## COLLECTED MATERIAL
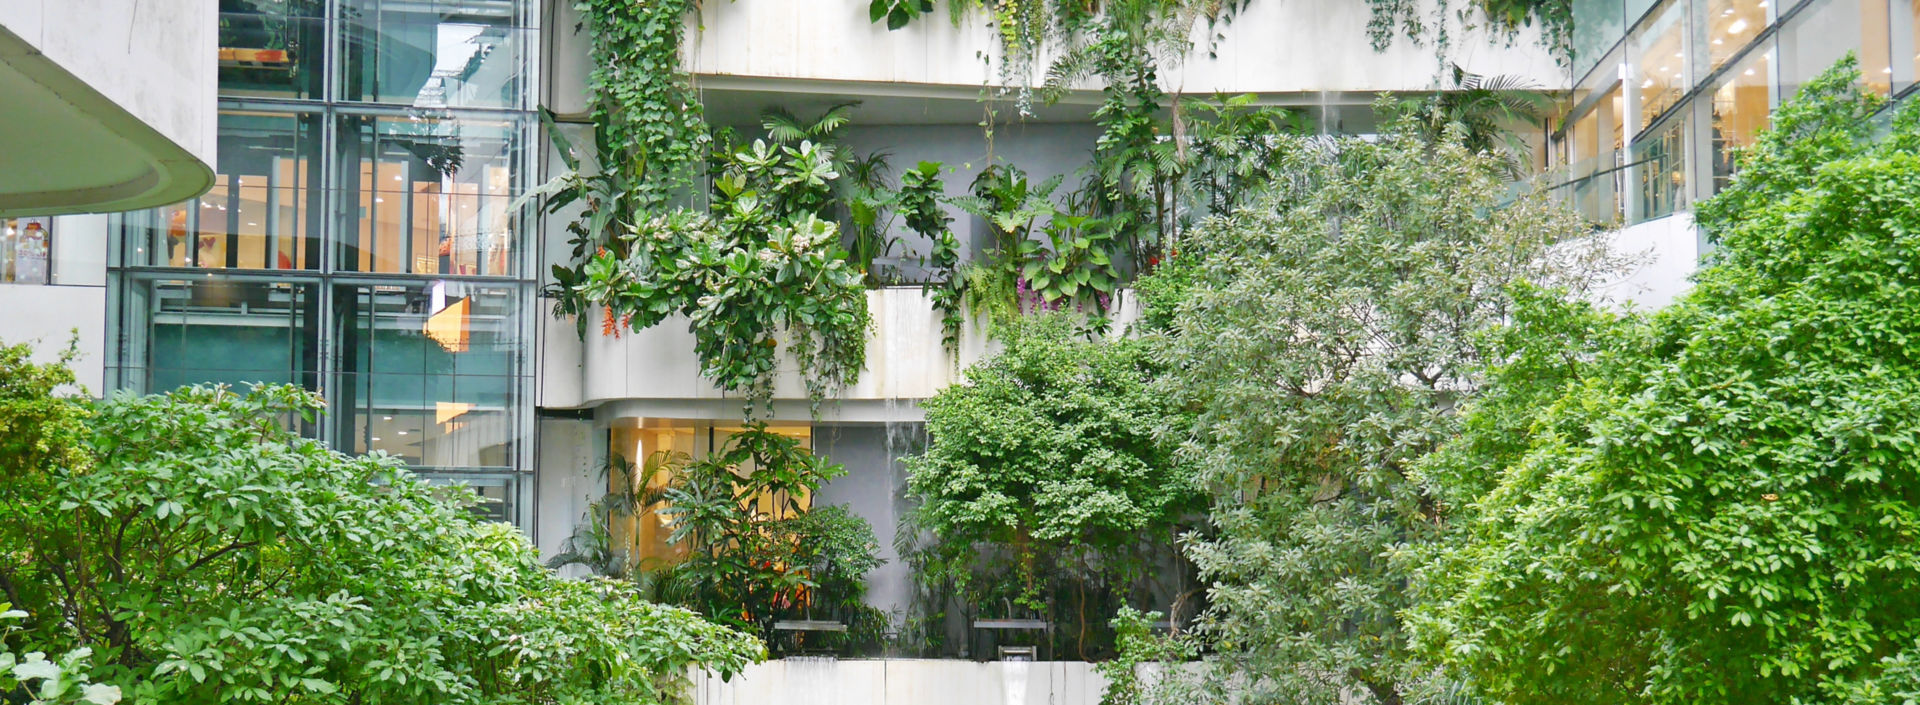 Vertical garden with green trees on the building.
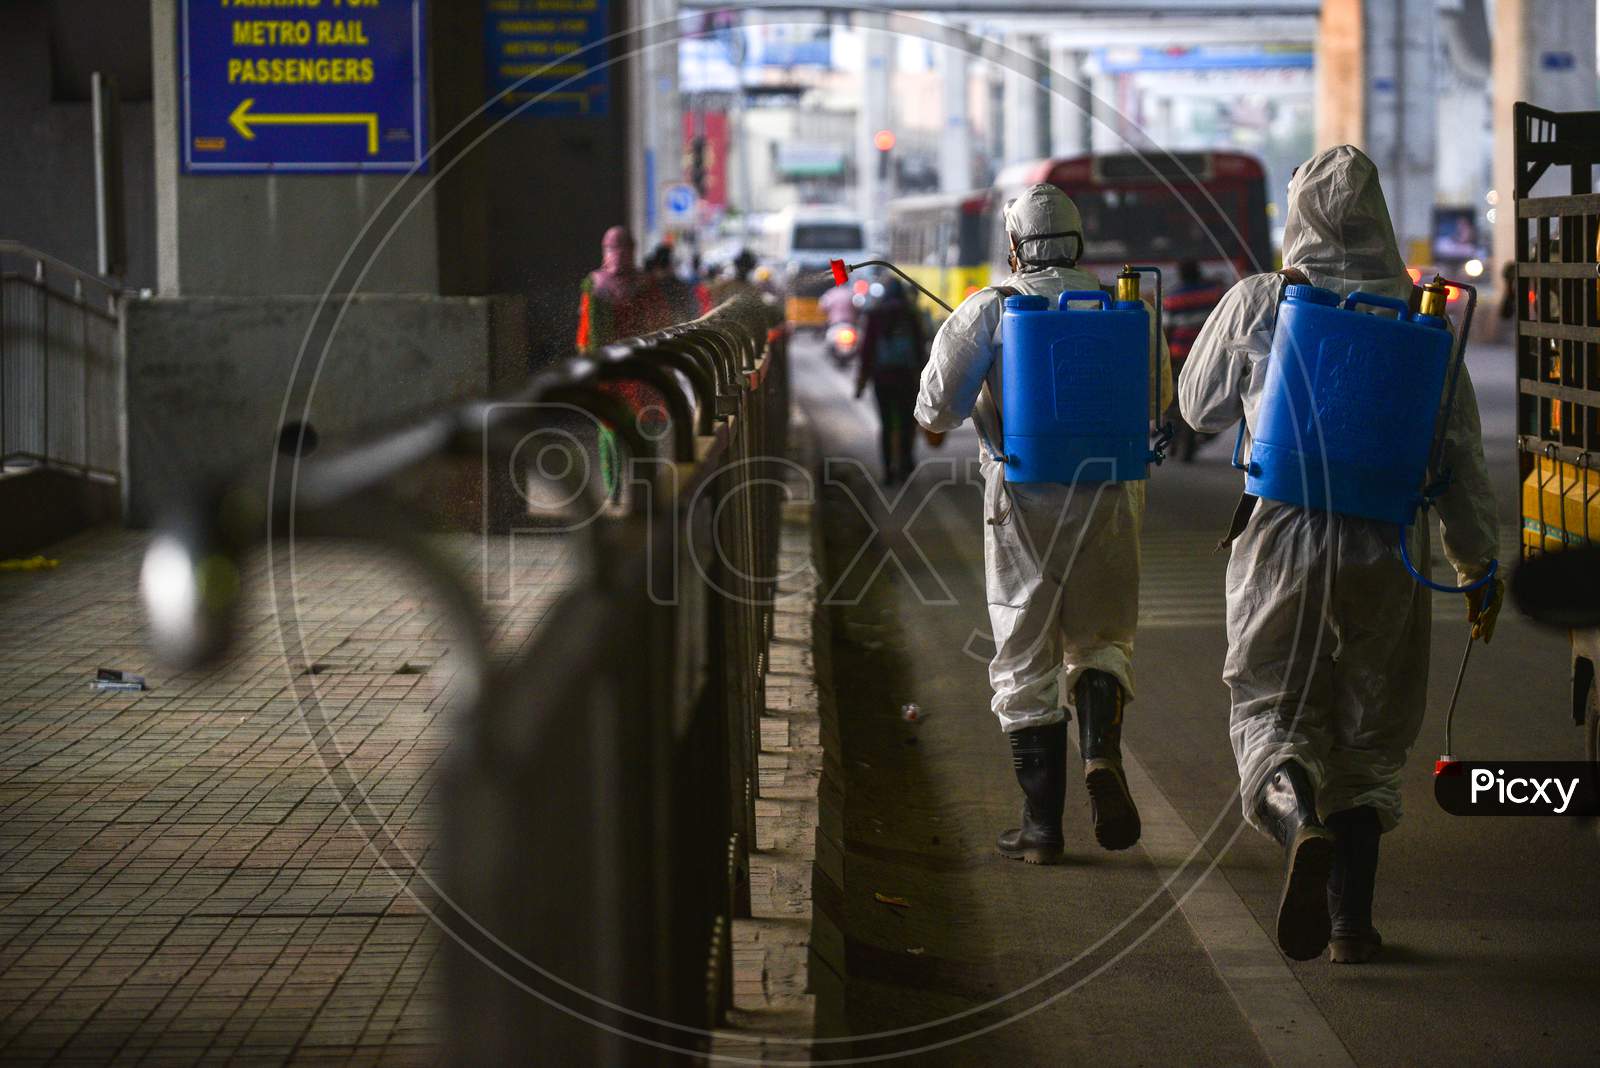 Disaster Response Force(DRF) team with full body suits spraying Disinfectant Solution across the Hyderabad City to reduce the spread of the COVID-19 Virus or Coronavirus at Ameerpet Metro Station
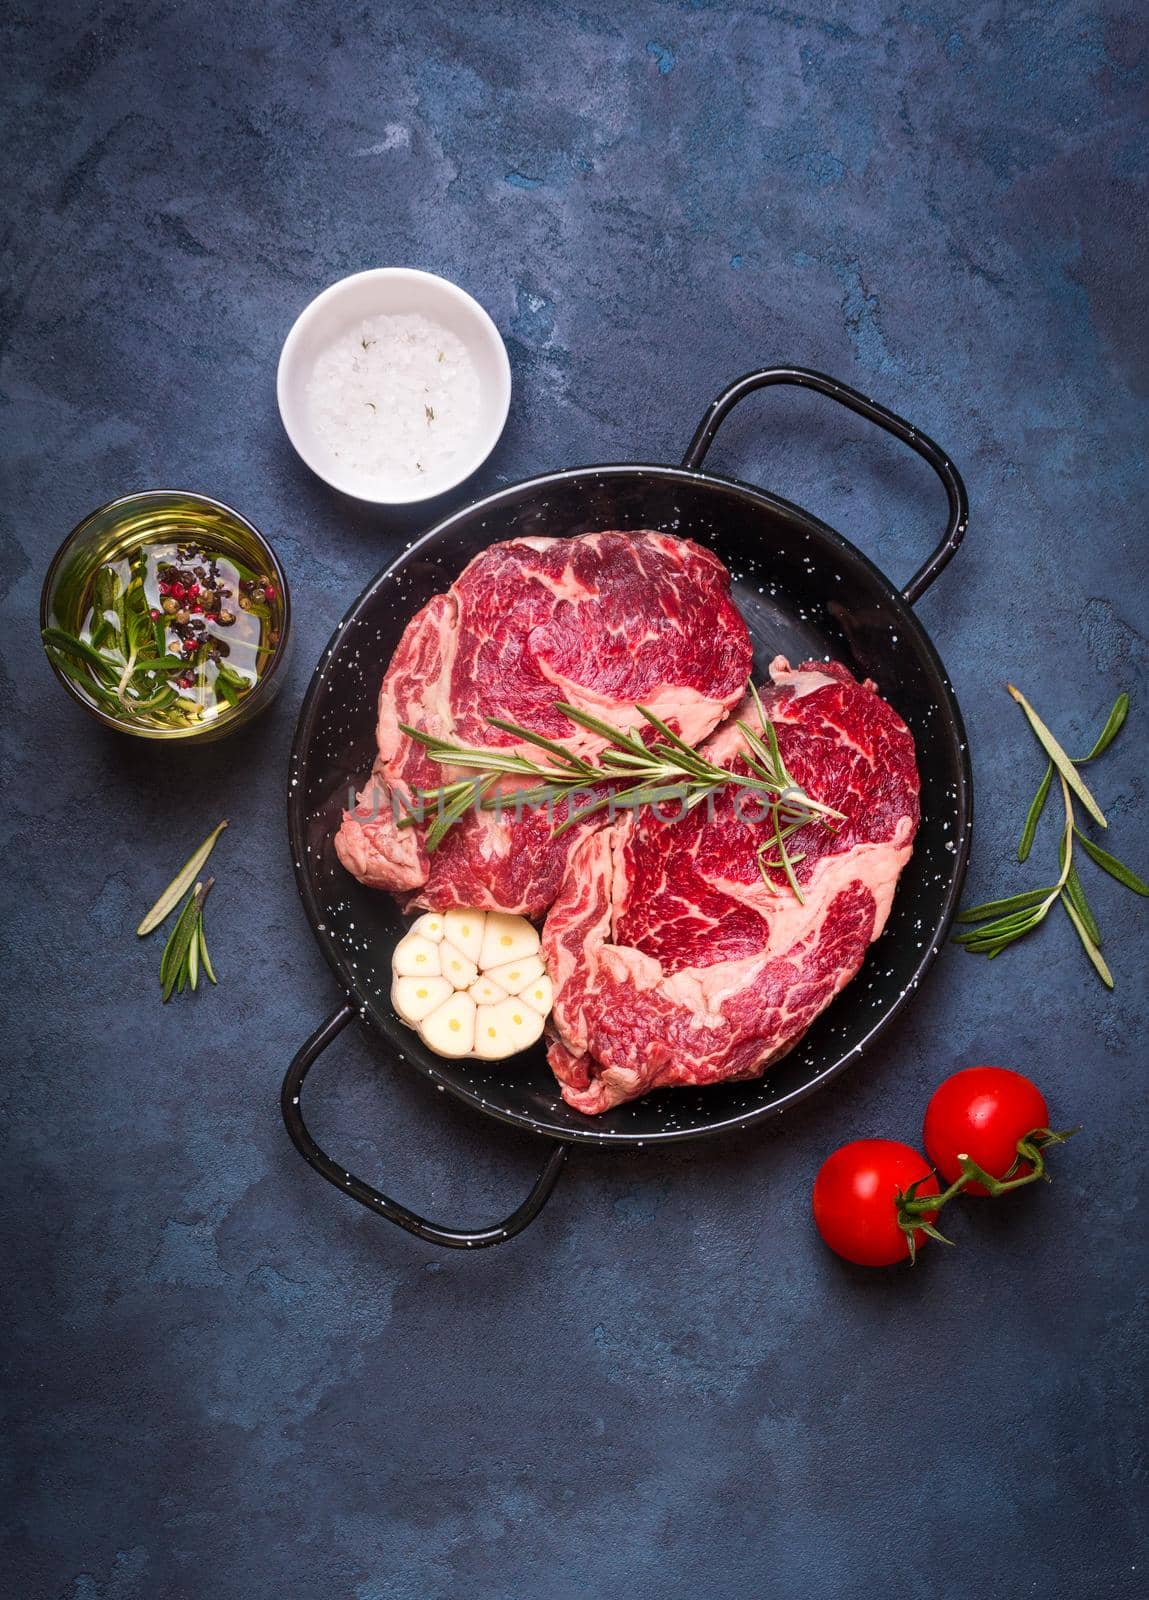 Raw juicy steaks with seasonings in a black pan ready for roasting on rustic concrete background. Fresh marbled meat steaks with herbs, garlic, olive oil, pepper, salt and tomatoes. Top view

## WHAT THE EXERCISE ASKS
Each line from the first line of the data above through the one containing "Disaster Response Force(DRF)" must be set down exactly; the pictures must not be.

## TASK SOLUTION
 Vertical garden with green trees on the building.
 Disaster Response Force(DRF) team with full body suits spraying Disinfectant Solution across the Hyderabad City to reduce the spread of the COVID-19 Virus or Coronavirus at Ameerpet Metro Station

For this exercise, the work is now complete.